Since the beginning of DART's rail system, the agency's award-winning
Station Art and Design Program has ensured its rail stations both reflect and serve as gateways to the surrounding community. For each station, engineers and architects worked closely with artists and neighborhood advisory committees to transform the common elements of a transit station – canopies, columns, pavers, windscreens, fencing and landscaping – into uncommon works of public art.
As DART celebrates Hispanic Heritage Month, we reflect on the influence the Hispanic community had on the design of
Westmoreland Station. In the 1990s, largely Hispanic neighborhoods and a commercial/semi-industrial zone surrounded the Westmoreland Station location in West Oak Cliff.
The station's rich colors and textures injected a visual interest and human warmth to the area and reflect its Hispanic heritage.
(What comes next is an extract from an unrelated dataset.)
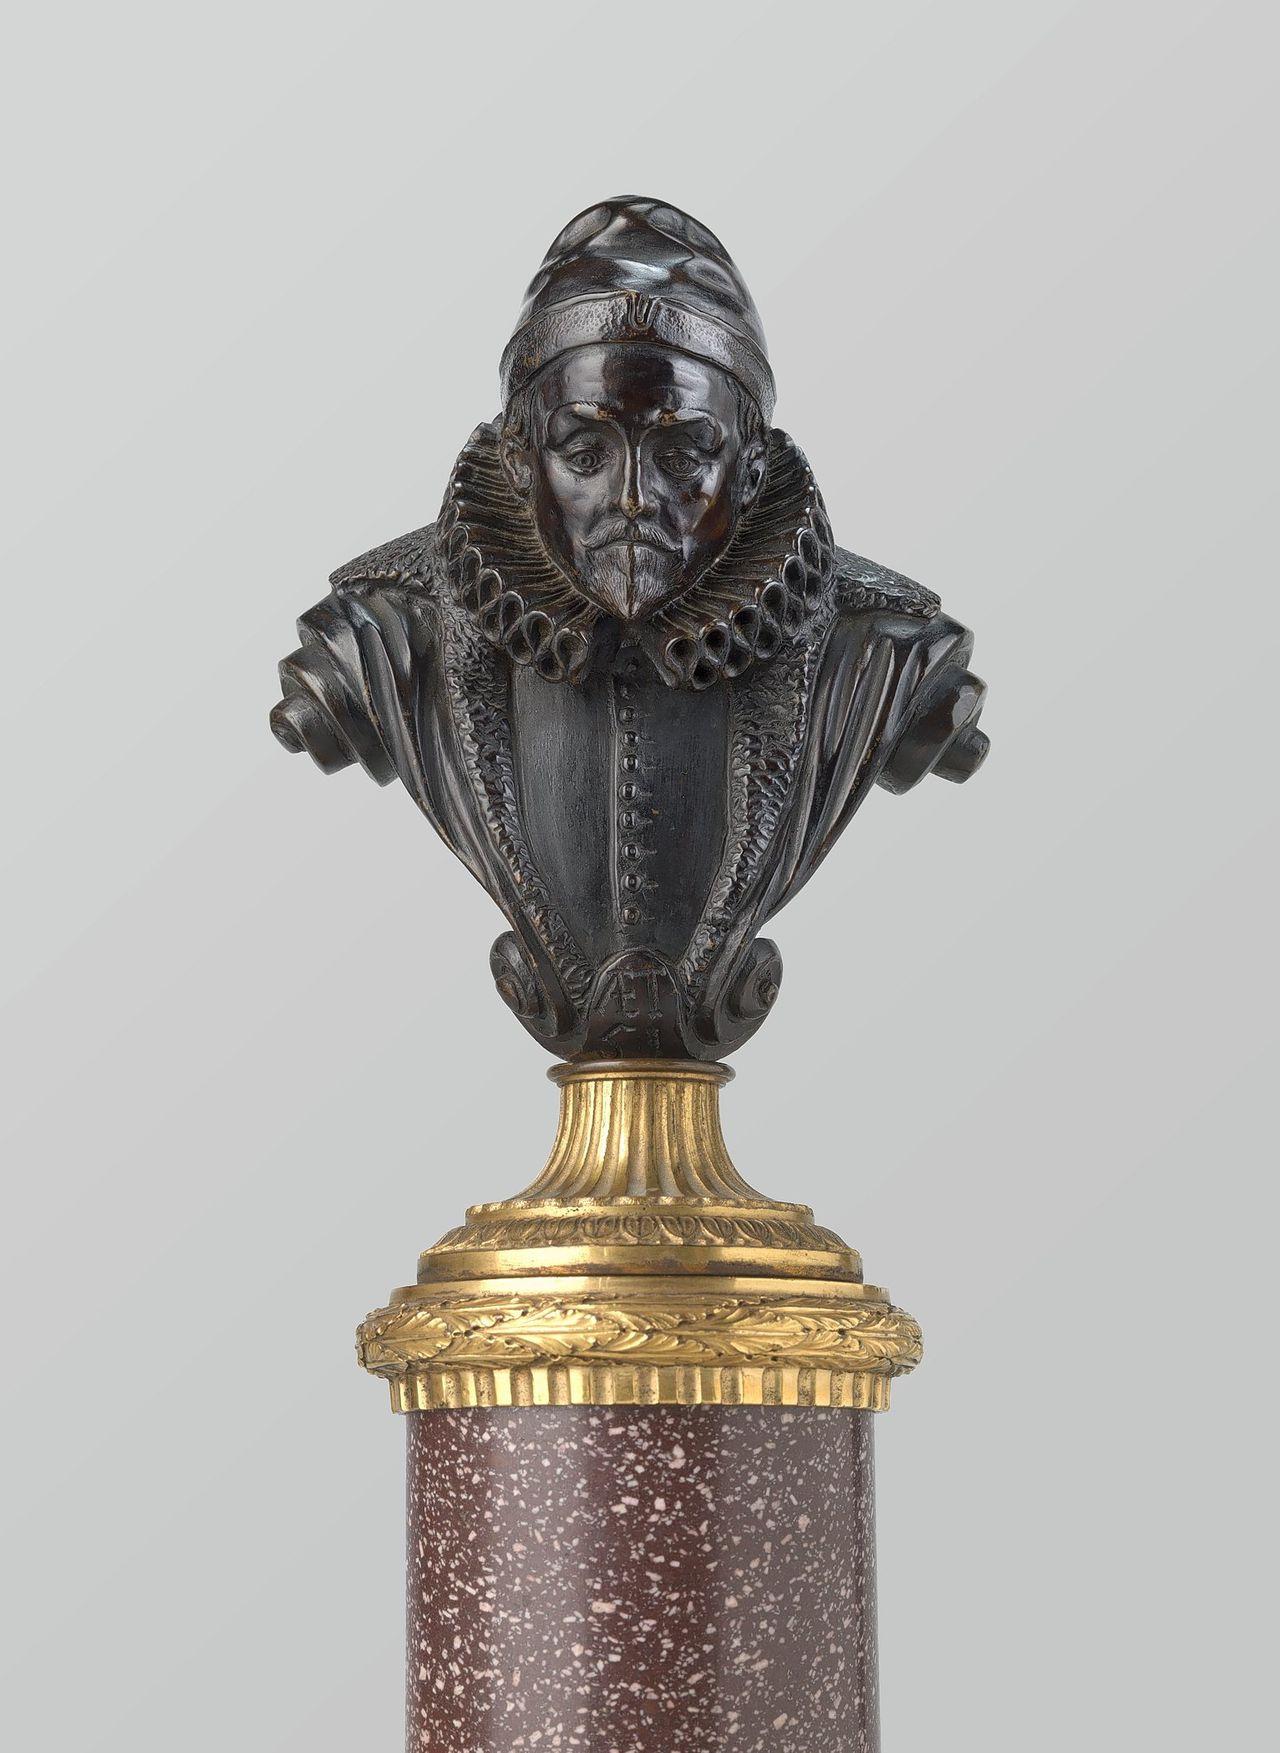 De door Hendrick de Keyser in 1620 gemaakte buste van Willem van Oranje die het Rijksmuseum heeft verworven.

In the words of station artist
Leticia Huerta, the station’s design elements “added vibrancy to a diverse neighborhood.”
Spanish colonial-era architecture found throughout Mexico inspired the tile work and paving designs. Columns were clad in patterns and styles are reminiscent of handmade Mexican tile and masonry.
Roberto Mungia's Familia del Sol – a series of lush, vividly colored panels on the windscreens – depicts events in Mexican culture and mythology.
A massive limestone monument by
Eliseo Garcia,
Cycles of Life, features a foundation reminiscent of a Mayan pyramid. A winged figure tops four bas-relief sculptures of human interaction, symbolizing the community's hope for the future.
Located at the southern end of the Red Line, Westmoreland Station is part of DART Rail’s starter system, which opened in June 1996.